Getting Started with PDF Oxide (PHP)

PDF Oxide is the fastest PHP PDF library for text extraction — 0.8ms mean, 100% pass rate on 3,830 PDFs. One library for extracting, converting, and creating PDFs, built on the same Rust core used by the Python, Node, Go, C#, Ruby, and Java bindings.

Installation

composer require oxide/pdf-oxide

Composer’s post-install hook downloads the matching prebuilt native library into vendor/oxide/pdf-oxide/lib/ for your platform (linux-x86_64, linux-aarch64, darwin-x86_64, darwin-arm64, windows-x64).
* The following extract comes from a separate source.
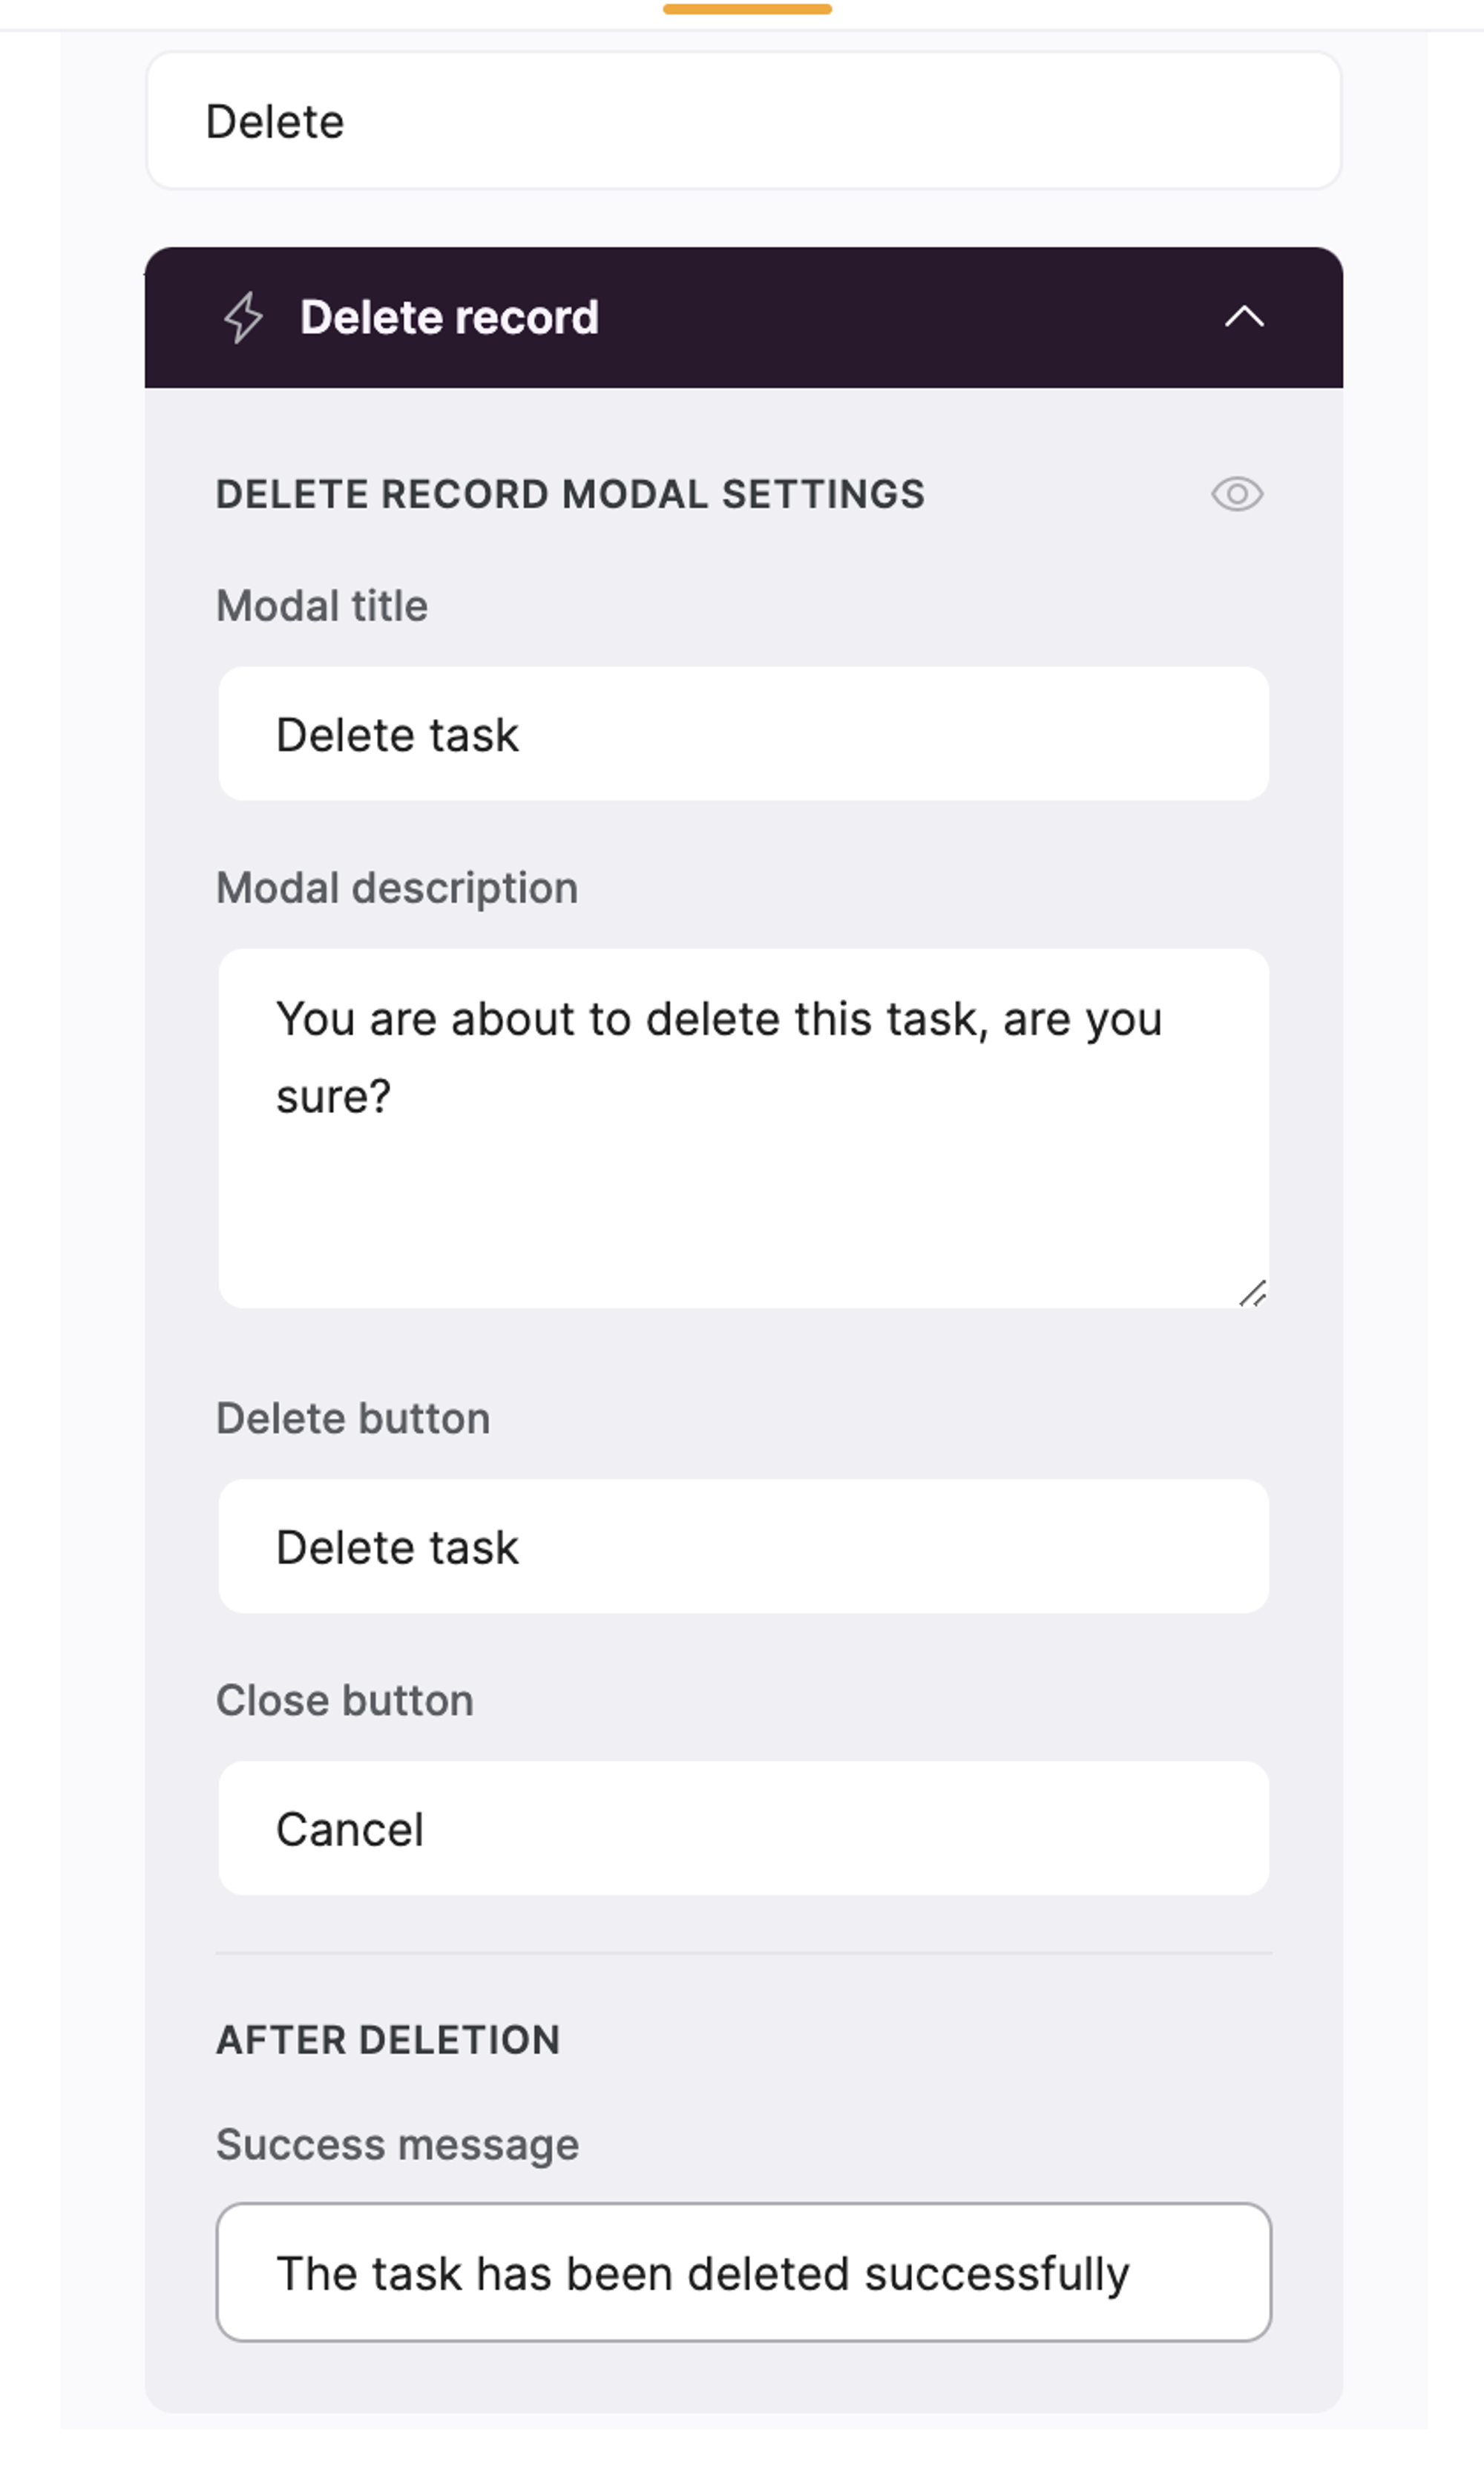 Configuring button and modal labels and other texts

Requirements: PHP 8.2+ (8.2, 8.3, 8.4, 8.5) with ext-ffi enabled. Confirm with php -m | grep -i ffi. Some managed hosts disable ext-ffi; if so, use a Docker image such as php:8.3-cli.

Opening a PDF

Use PdfDocument::open() to load a file and inspect its metadata.

use PdfOxide\PdfDocument;

$doc = PdfDocument::open('research-paper.pdf');
echo $doc->pageCount(), " pages\n";

$version = $doc->version();   // ['major' => int, 'minor' => int]
printf("PDF version: %d.%d\n", $version['major'], $version['minor']);

$doc->close();   // or rely on __destruct()

Text Extraction

Single Page

Extract plain text from any page by its zero-based index.

use PdfOxide\PdfDocument;

$doc = PdfDocument::open('report.pdf');
echo $doc->extractText(0);
$doc->close();

All Pages

use PdfOxide\PdfDocument;

$doc = PdfDocument::open('book.pdf');
for ($i = 0; $i < $doc->pageCount(); $i++) {
    echo "--- Page " . ($i + 1) . " ---\n";
    echo $doc->extractText($i), "\n";
}
$doc->close();

One-Shot Extraction

extractTextOnce() is a static helper that opens, extracts page 0, and closes in a single call.

use PdfOxide\PdfDocument;

echo PdfDocument::extractTextOnce('report.pdf');

Auto-Routed Extraction

extractTextAuto() returns native text when present and gracefully falls back to whatever text is recoverable — it never throws on the fallback path.

use PdfOxide\PdfDocument;

$doc = PdfDocument::open('mixed.pdf');
echo $doc->extractTextAuto(0);
$doc->close();

Page API

pages() returns an array of PdfPage views, and pagesIter() yields them lazily with their index. Each page delegates extraction back to the document.

use PdfOxide\PdfDocument;

$doc = PdfDocument::open('paper.pdf');

foreach ($doc->pagesIter() as $index => $page) {
    echo "Page {$index}:\n";
    echo $page->text(), "\n";
}

// Or grab a single page directly:
$page = $doc->page(0);
echo $page->toMarkdown();

$doc->close();

PdfPage methods: index(), parent(), text(), textAuto(), toMarkdown(), toHtml().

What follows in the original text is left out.